Farm-to-Hospital Meals Can Help Protect Patients and the Climate

Farm-to-Hospital Meals Can Help Protect Patients and the Climate

Schettler is an advisor for health and climate organizations, and a former emergency physician. Sirois is the director of an international non-governmental organization (NGO) working to reduce the environmental footprint of healthcare.

While the media has been hyper-focused on how to address the recent avian influenza A (H5N1) outbreak in cattle, the situation also speaks to a larger story about industrialized food systems that prioritize production efficiency over animal, worker, and community health. This issue, and how to change the paradigm before it causes a crisis, has not received enough attention.

The primary problem is twofold: the heightened risk of infectious diseases and the climate impact. Firstly, the concentration of animals in large feeding operations increases the risk of infectious viruses, which can spread to other animals and humans. Farm workers are at particular risk of avian influenza because of their close contact with farm animals. While H5N1 has yet to spread to humans on a large scale during the current outbreak, the threat remains.

And secondly, animal agriculture is responsible for more than 16.5% of global greenhouse gas emissions; when outbreaks like H5N1 occur, many animals are culled whether infected or healthy, wasting resources and generating unnecessary emissions.

This should matter not only to the CDC and other government entities working to conduct research and ensure public safety around this emerging issue, but also to the healthcare sector. Healthcare systems can play an essential role in changing our food system to prevent these outbreaks in the future.

How so? Through the food that hospital cafeterias serve their patients, staff, and visitors.

It’s time for a big shift in hospital food purchasing standards.

Local Partnerships for Prevention

Many hospitals across the country are already purchasing from and supporting farmers who follow high animal welfare standards that inherently reduce the incidence and spread of disease. These same farms typically have workforce standards that provide for fair, healthy, and safe working conditions.

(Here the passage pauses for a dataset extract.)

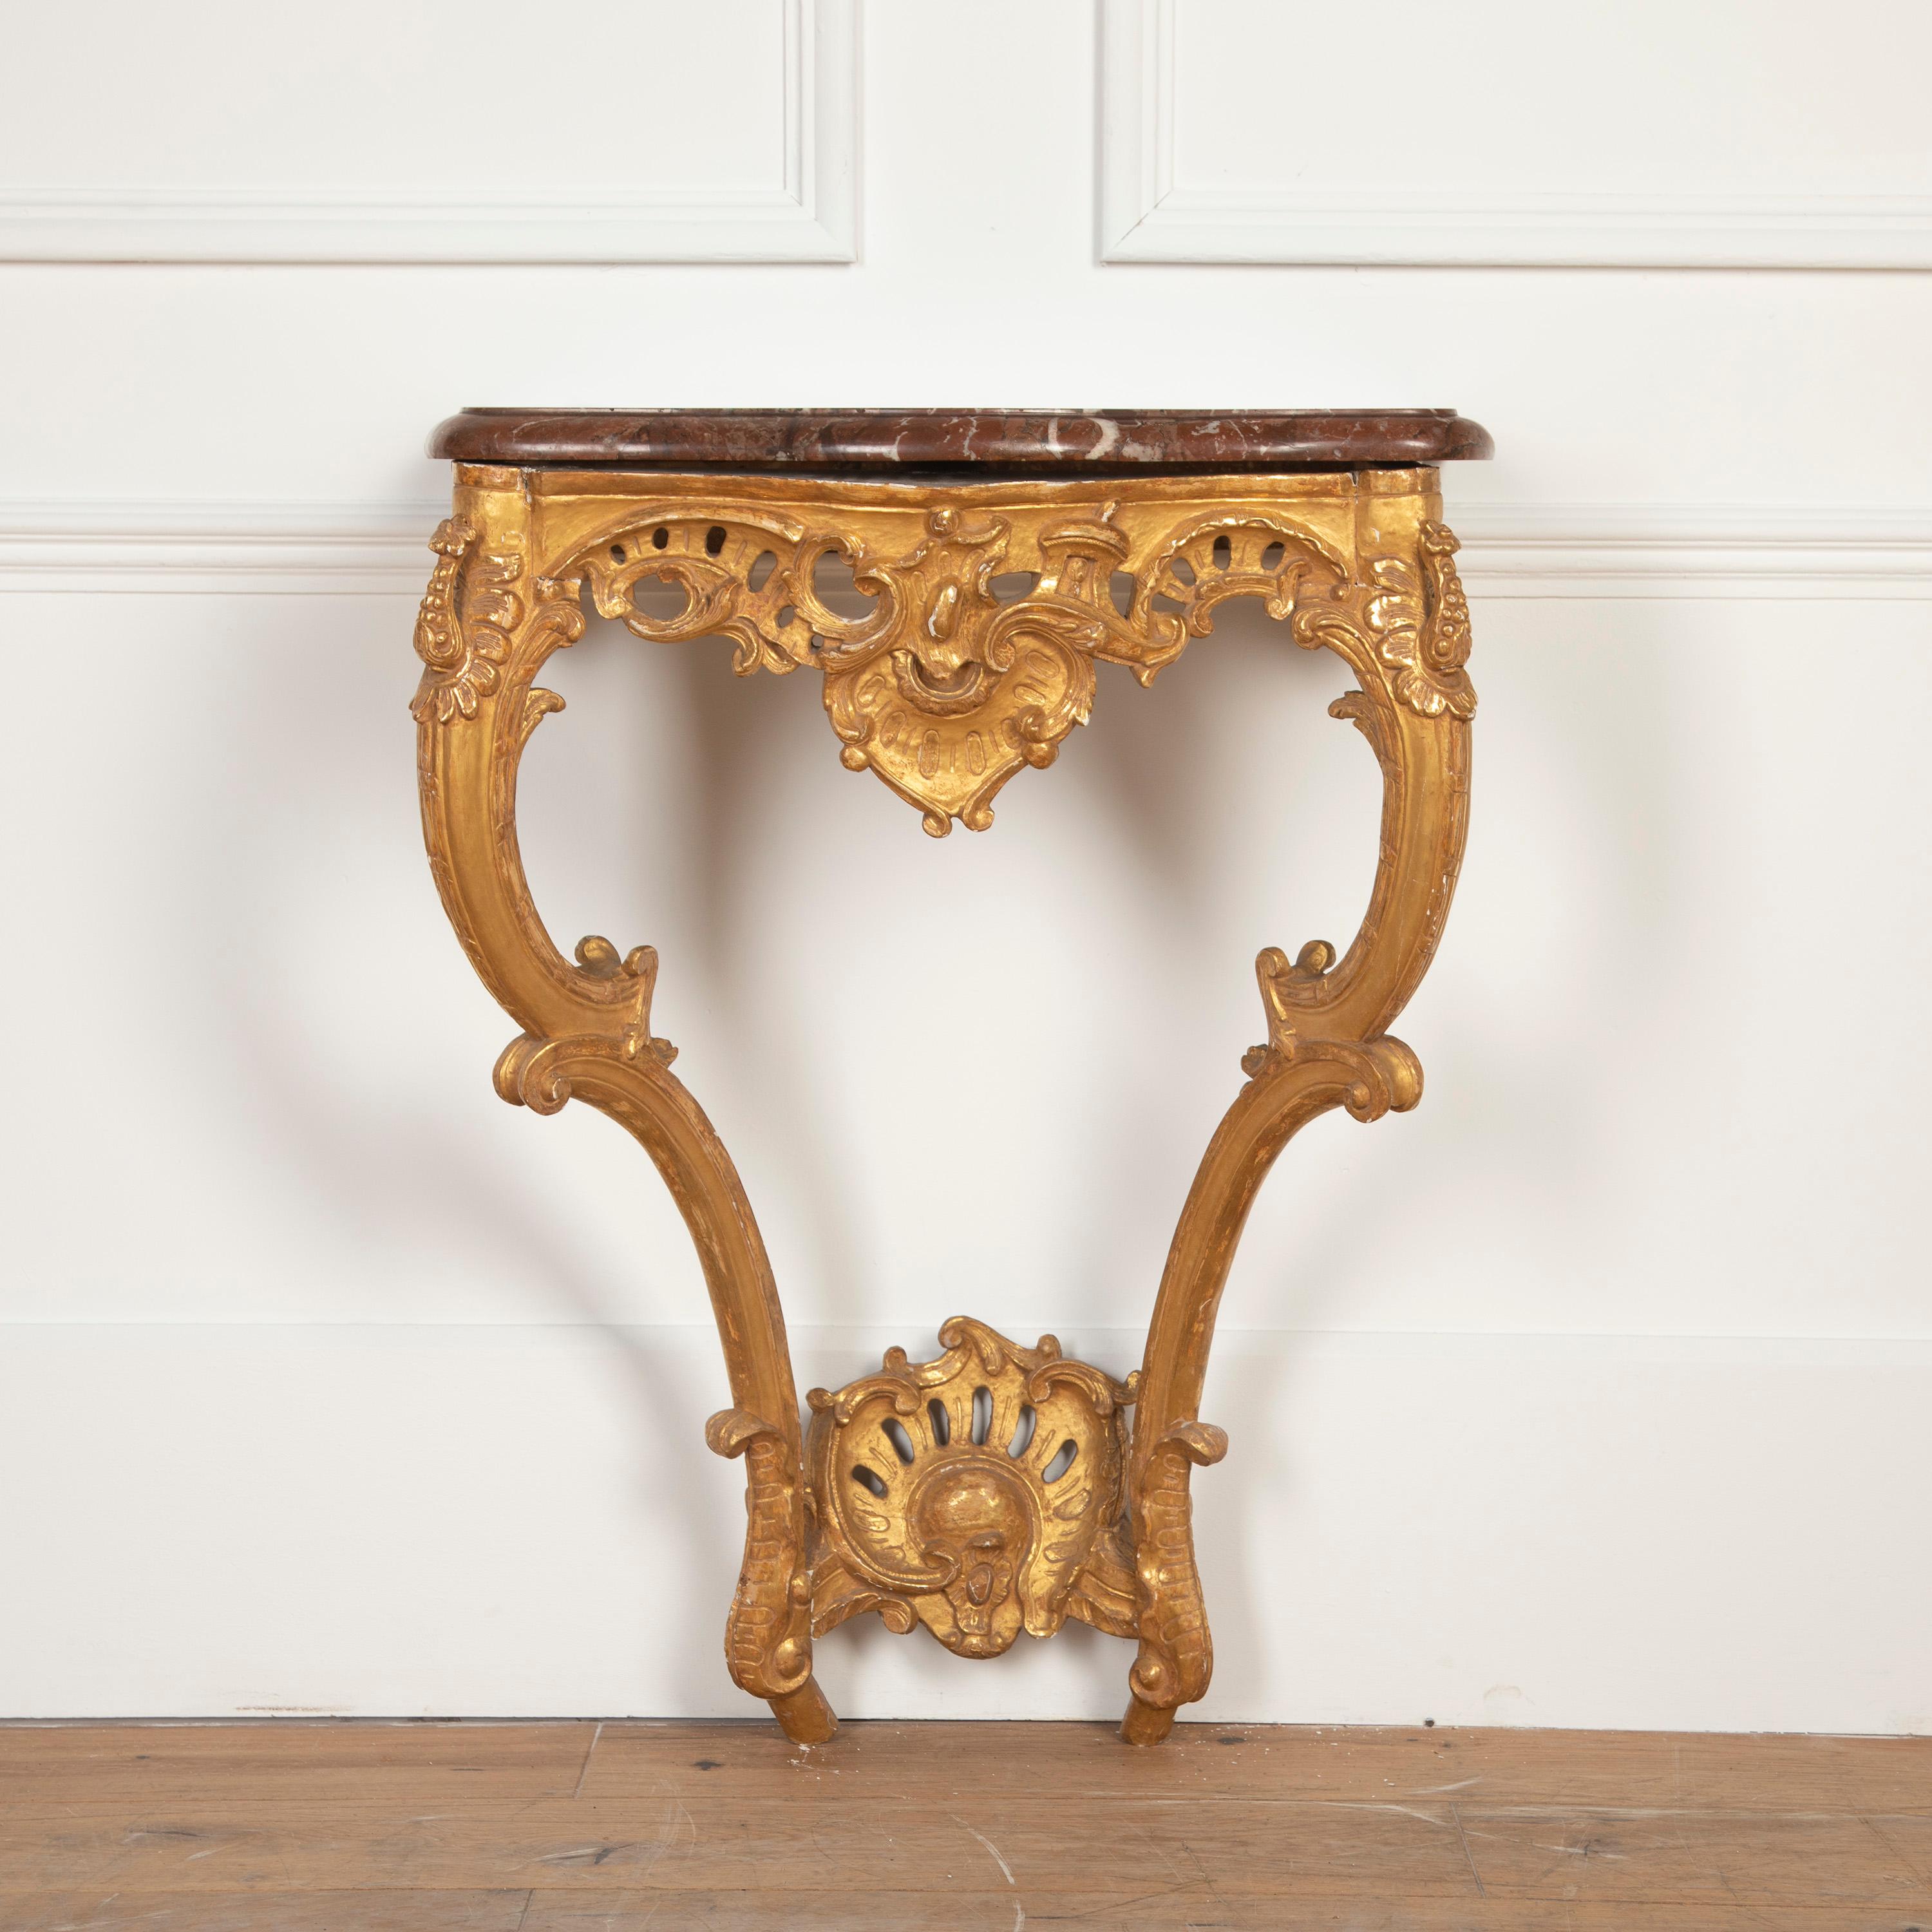 Superbe table console anglaise du début du 19ème siècle, dorée. 

Cette pièce charmante a des proportions élégantes et présente des détails sculptés à la main sur toute la structure en bois. Au-dessus de la structure en bois se trouve une grande

For example, the University of California Davis Medical Center sources almost half of its ingredients from farms and ranches within a 250-mile radius of the Sacramento Valley, and is committed to buying grass-fed meat from local ranchers. The University of Vermont Medical Center has been supporting its local farm and food system by partnering for nearly a decade with a local pasture-raised poultry farm — with a commitment to “whole chicken” practices to reduce food waste.

More than 120 U.S. hospitals have signed the Coolfood Pledge: a global, cross-sector initiative to reduce greenhouse gas emissions from food purchasing 25% by 2030. They are focusing on reducing purchases of animal products — often their largest food budget item — to make way for purchasing products with higher animal and worker welfare practices.

We’re encouraged by the hospitals that have made this shift to local, high-quality farms, but many have yet to do so. Every health system should make this change.

Hope for the Best, Prepare to Respond

While we are unsure at this point if the H5N1 outbreak poses a threat to public health on a large scale, hospitals and health systems should always be prepared.

Memories of how the COVID-19 pandemic overwhelmed our healthcare system are still fresh for hospitals and health systems, offering lessons for future crises. Supply chains were stretched and broken, staff overwhelmed and overworked. During the pandemic, hospitals found opportunities to shorten supply chains, build stronger regional food systems, and bolster their role as anchor institutions in the community.

New London Hospital in New Hampshire and Northern Light Blue Hill Hospital in Maine opened pop-up grocery stores for staff to provide reliable access to basic food and paper products, alleviating stress and anxiety caused by fractures in the local supply chain. Sutter Health in California began a pilot during the pandemic, donating over 65,000 pounds of food to more than 20 regional nonprofits to address growing food insecurity.

All health systems should have contingency plans in place for future crises.

Taking Steps to Protect the Planet

While hospitals across the country are innovating to create a more resilient, equitable, and climate-friendly food system through their purchasing, we’ve also seen healthcare organizations advocating for climate-friendly policies. Healthcare leaders have joined forces with other institutional sectors and advocacy groups to call for a federal strategy to leverage purchasing to create a just, healthy, resilient, and sustainable food system through the Federal Good Food Purchasing Coalition.

In the face of potential health threats, the healthcare sector must prioritize prevention over emergency response to reinforce its healing mission. By leveraging the sector’s immense purchasing power, expertise, and trusted voice, we can transform markets and influence decision-makers. Health professionals must be at the forefront of this advocacy and continue to seek solutions that safeguard the health of the communities they serve.

Ted Schettler, MD, MPH, is a science advisor for Health Care Without Harm, an international NGO working to reduce the environmental footprint of healthcare worldwide. He also serves as science director of the Science and Environmental Health Network. Schettler previously practiced emergency medicine, and has served on advisory committees of the Environmental Protection Agency and the National Academy of Sciences.

Emma Sirois, MUEP, is national director of the healthy food in healthcare program at Health Care Without Harm.

Disclosures

Health Care Without Harm has partnered with several of the organizations and institutions mentioned in the piece.